Bryant: What career advice do you typically share with audiences of young Black professionals?
Rice: Two things. The first one is what I call “working back.” Start with a long view and work back to today. They should invest time in understanding the people in the senior leadership positions they desire over the long term and study three things. First, understand the bar to get to where those people are regarding their skills and greatest strengths. The second area is to understand what they’ve accomplished and their experiences. And the third is their relationships. Who has been leaning in on their behalf, and who helped them get to where they are today? Unless you understand those three things, then you’re probably not doing what you need to do to build toward reaching that bar. Once you understand these three things, think about the implications for what you need to do over the next year or two to work toward your goals.
The second broader point is that I encourage people to invest early and often in building relationships that will serve them over the long term. People say you’ve got to get to know people who can be mentors and will take an interest in you. That’s true, but I like to focus on building relationships with your peers and even people who are one step behind you. Those folks who, if you’ve worked well together on projects, can be powerful references down the line and can tee you up for great opportunities because they know you at a professional level incredibly well.
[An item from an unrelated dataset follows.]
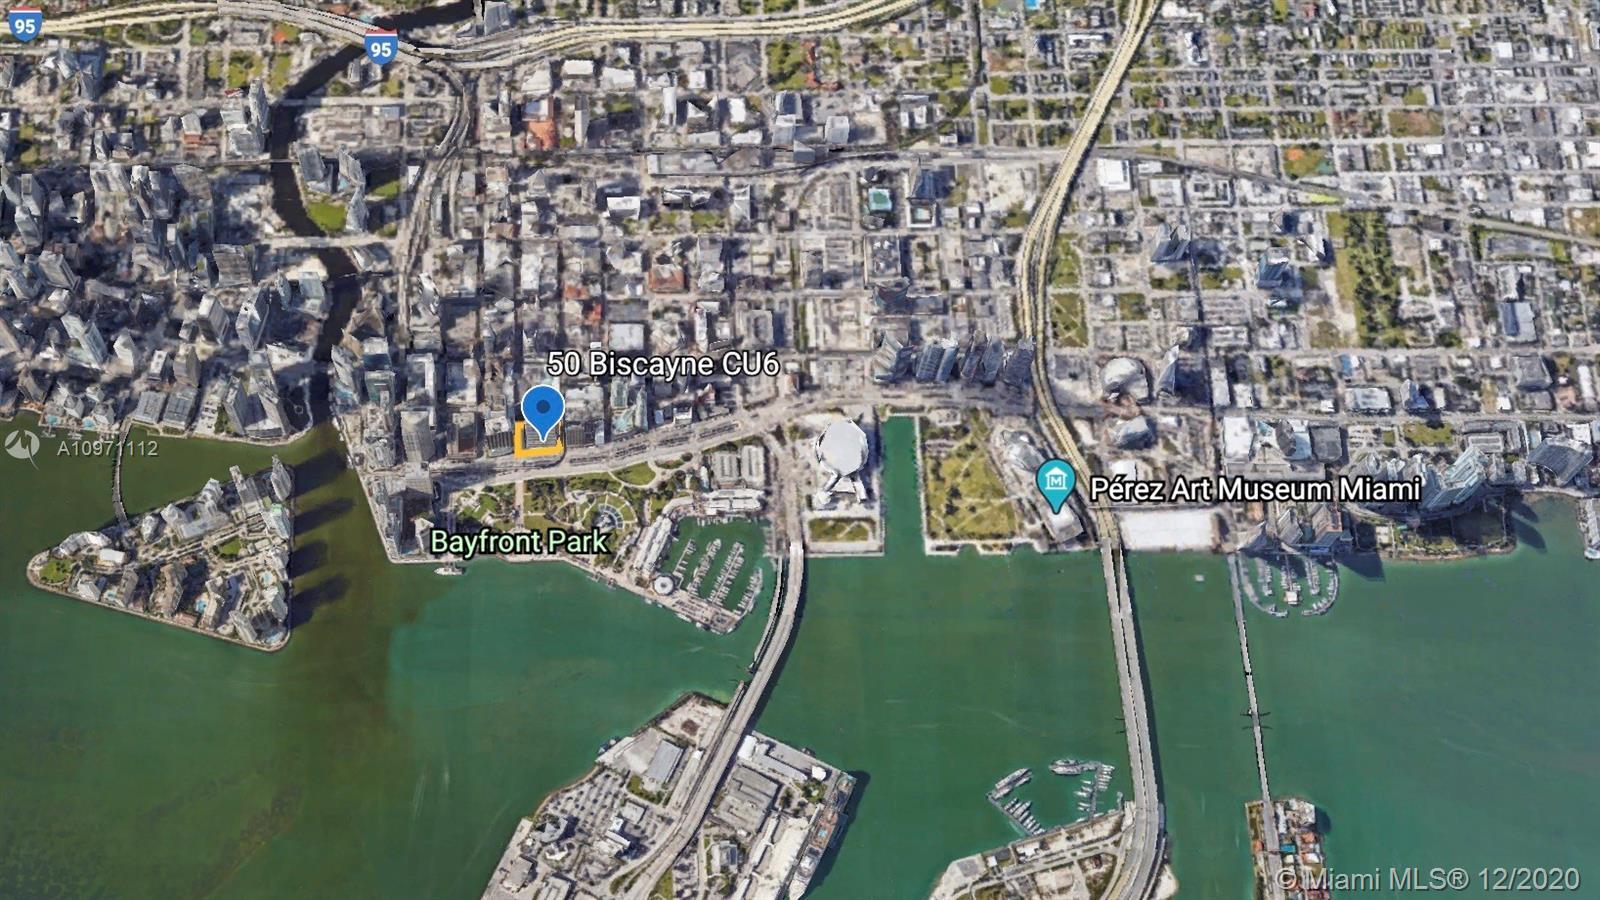 50 Biscayne #CU6 - 50 Biscayne Blvd #CU6, Miami, FL 33132
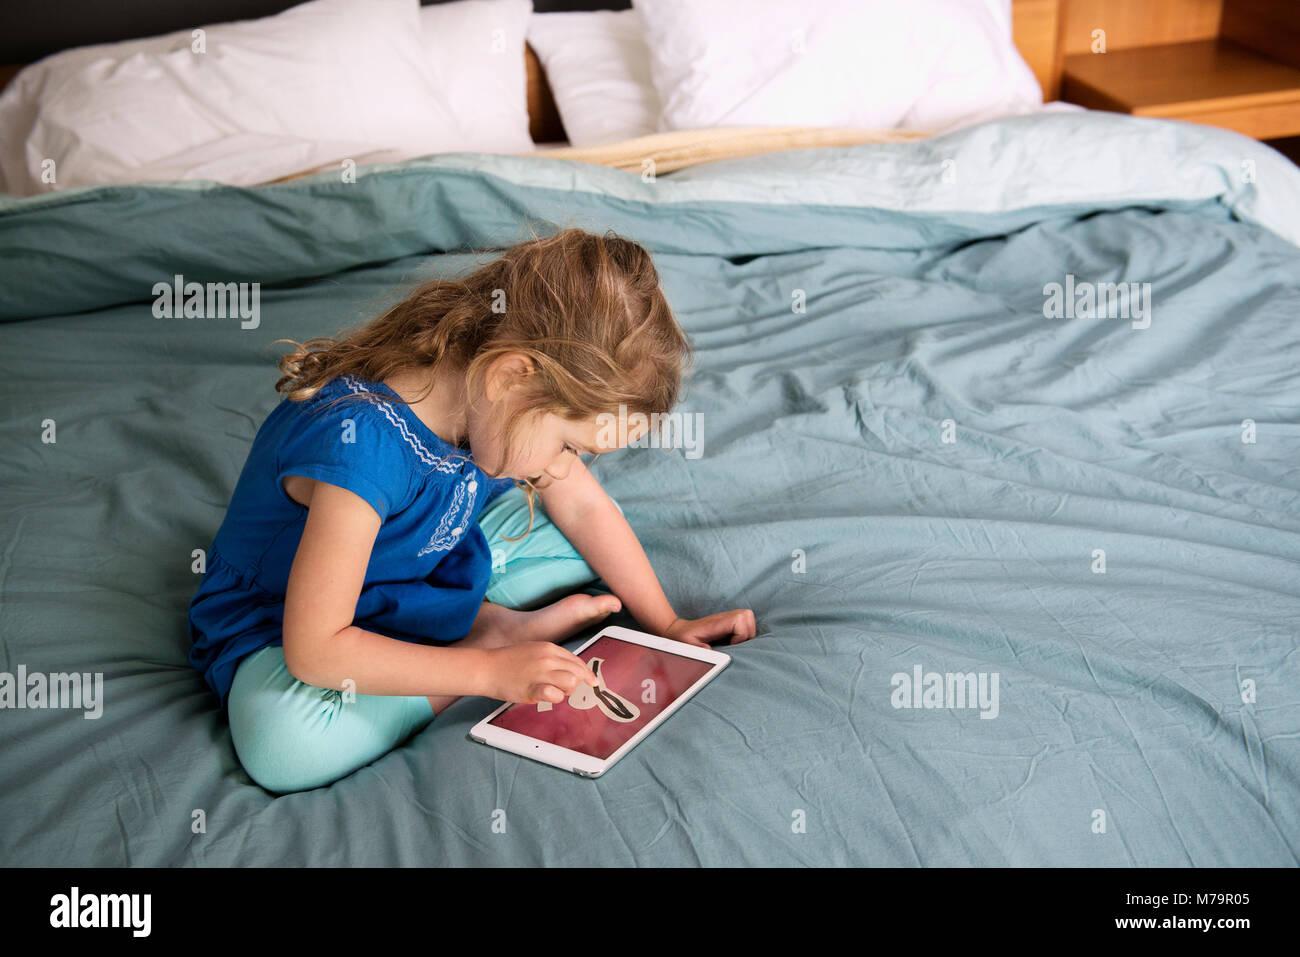 Une fille à l'aide d'un ipad mini pour apprendre à écrire. Photo Stock

So, invest in building relationships with peers and younger people. Do that early and often. Don’t ignore those folks, and approach relationship-building without knowing what someone can do for you regarding mentoring or sponsorship. Instead, build the relationship by figuring out what you can do to help advance their professional and professional agenda.
This interview with John Rice, CEO and founder of Management Leadership for Tomorrow (MLT), on navigating racial headwinds is part of our Leading in the B-Suite interview series featuring powerful conversations about life, race and racism, and leadership.